Environment: Azure Cloud, Azure Data Factory (ADF v2), Azure functions Apps, Azure Data Lake, BLOB Storage, SQL server, Windows remote desktop, AZURE Power Shell, Data bricks, Python, Azure SQL Server, Azure Data Warehouse.
Confidential
Teradata/ETL Consultant
Responsibilities:
- Involved in Requirement gathering, business Analysis, Design and Development, testing and implementation of business rules.
- Analyzing the requirements and the existing environment to help come up with the right strategy to load and Extract on Data warehouse.
- Prepared the ETL specifications, Mapping document, ETL framework specification
- Implement slowly changing Dimension logics in the mapping to effectively handle change data capture which is typical in data warehousing systems.
- Prepared functional and technical specific, design documents.
- Responsible for data profiling, data cleansing and data conformation
- Actively participated in code migration process to higher environment and documents creation for the same.
- Created a BTEQ scripts for preloading of the worktables prior to main load process.
- Proficient in understanding Teradata EXPLAIN plans, Collect Stats option, Secondary Indexes (USI, NUSI), Partition Primary Index (PPI), Volatile, global temporary, derived tables etc.
- Reviewed the SQL for missing joins, join constraints, data format issues, miss-matched aliases and casting errors.

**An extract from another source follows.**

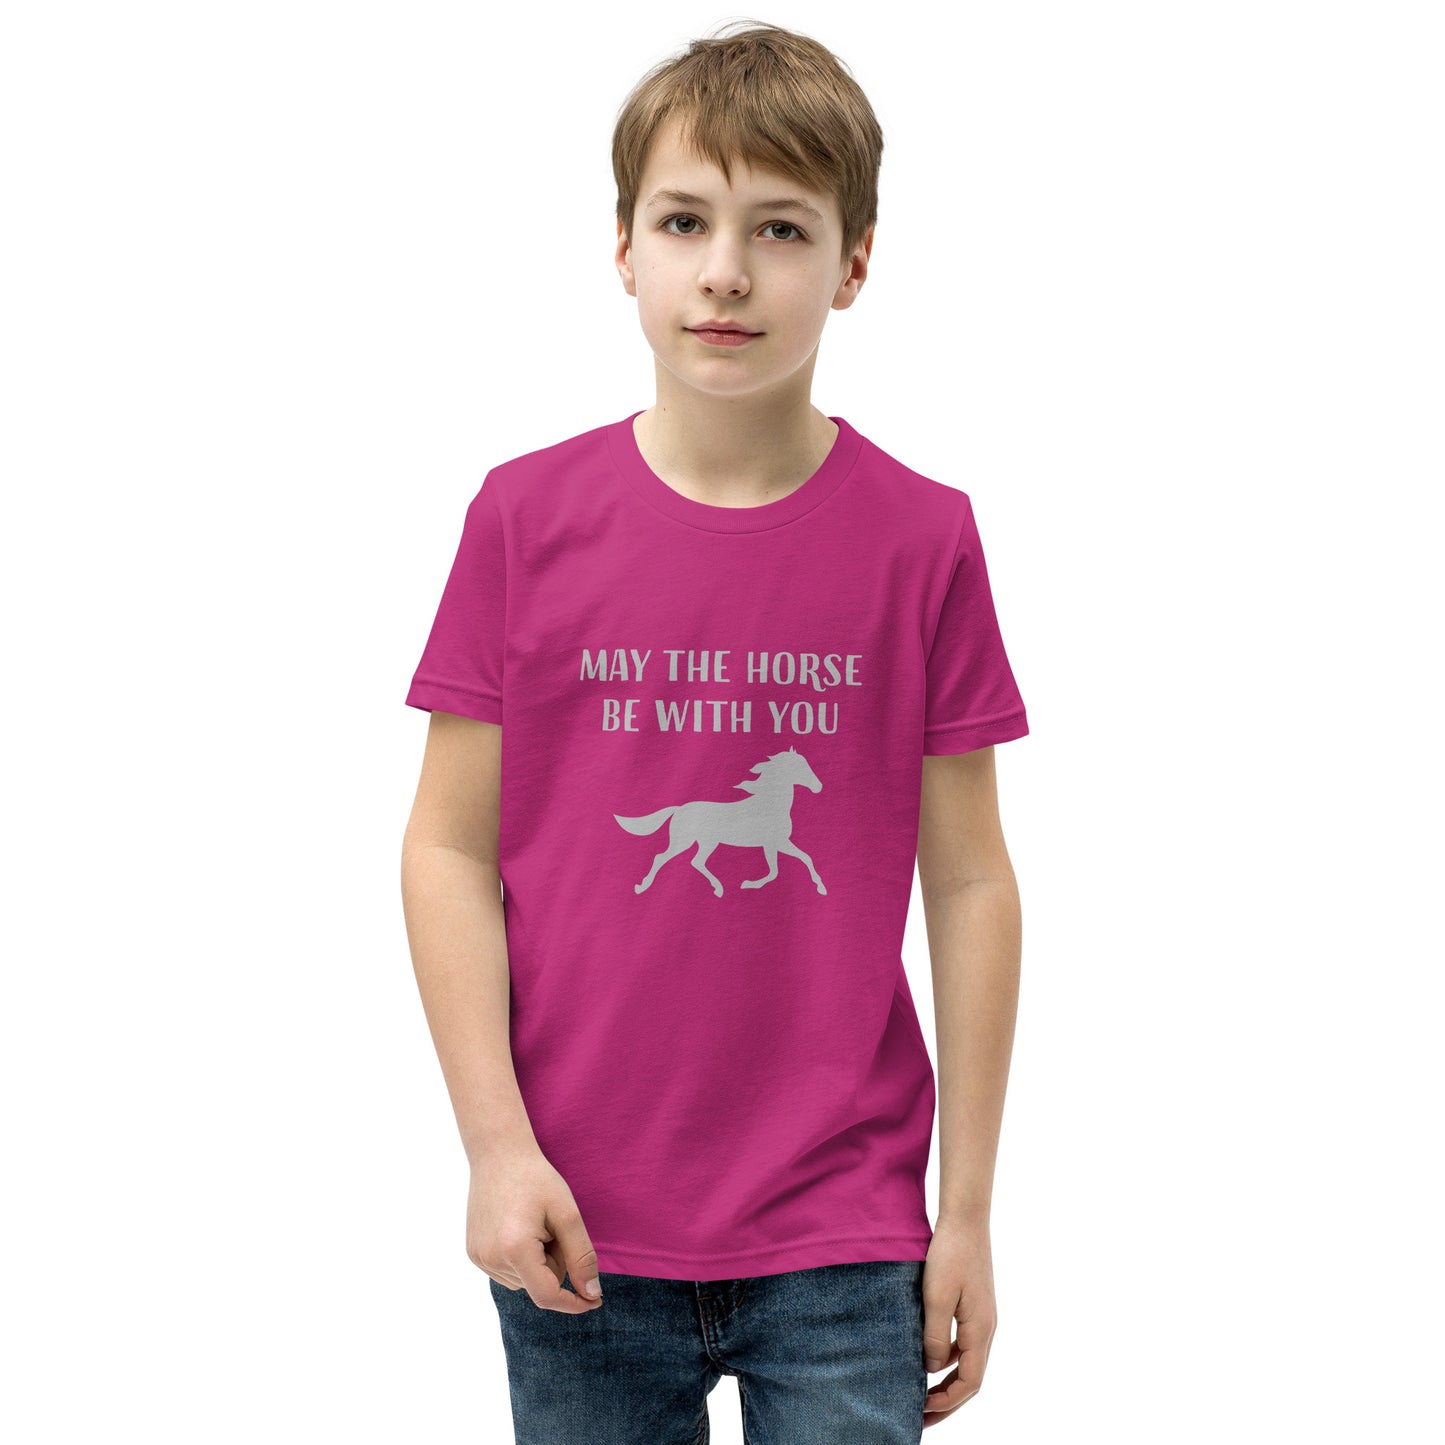 May the Horse be with You - Youth Short Sleeve T-Shirt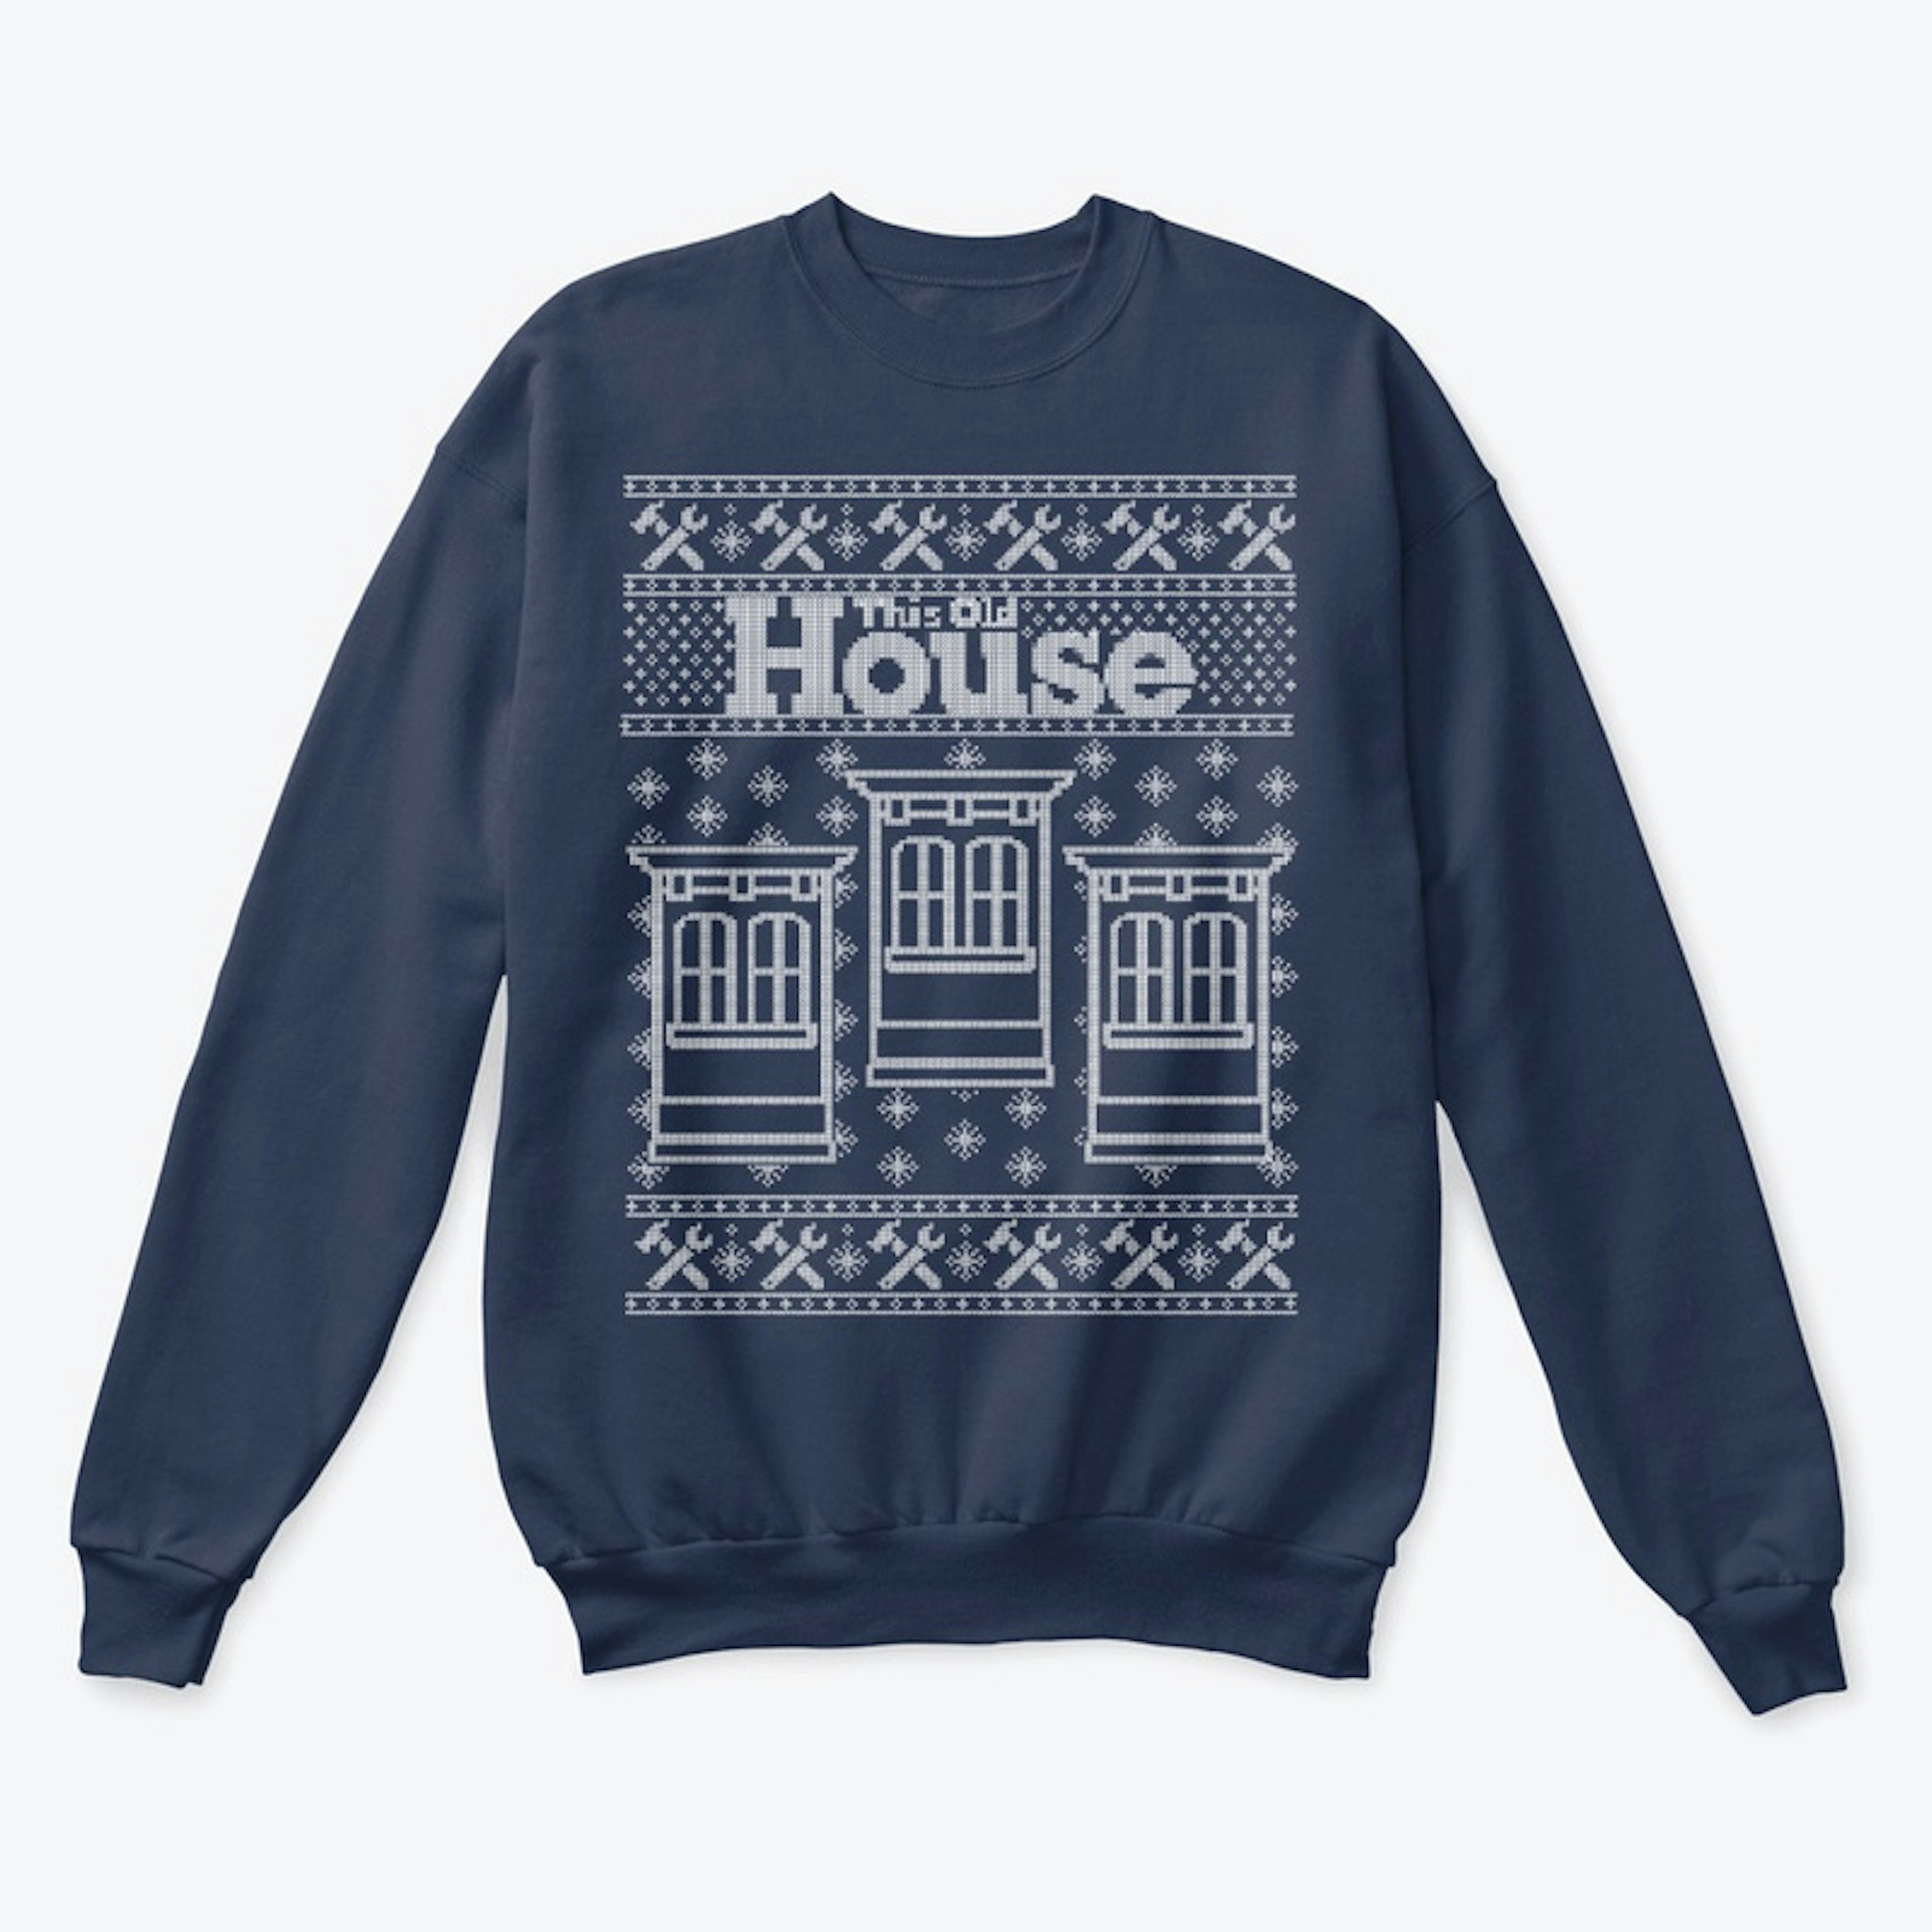 This Old House Holiday Sweatshirt

- Used Teradata Manager, BTEQ, FASTLOAD, MULTILOAD, TPUMP, SQL and TASM for workload management.
- Wrote various TPT scripts for ad hoc requirements and used tdload for exporting data from one environment to another environment using TPT.
- Involved in Data Modeling to identify the gaps with respect to business requirements and transforming the business rules.
- Perform workload management using various tools like Teradata Manager, Fast Load, Multi Load, TPUMP, TPT, SQL Assistant.
- Developed the scripts using Teradata Parallel Transporter and implemented the Extraction- Transformation-Loading of data with TPT.
- Identify the performance bottlenecks in the production processes and identify key places where SQL can be tuned to improve overall performance of the production process
- Developed UNIX scripts to automate different tasks involved as part of loading process
Environment: Teradata 15, Teradata SQL Assistant, PowerCenter, TPump, BTEQ, MLOAD, FLOAD, FASTEXPORT, Erwin Designer, Informatica 9.5, Tableau, POWER BI, UNIX, Korn Shell scripts.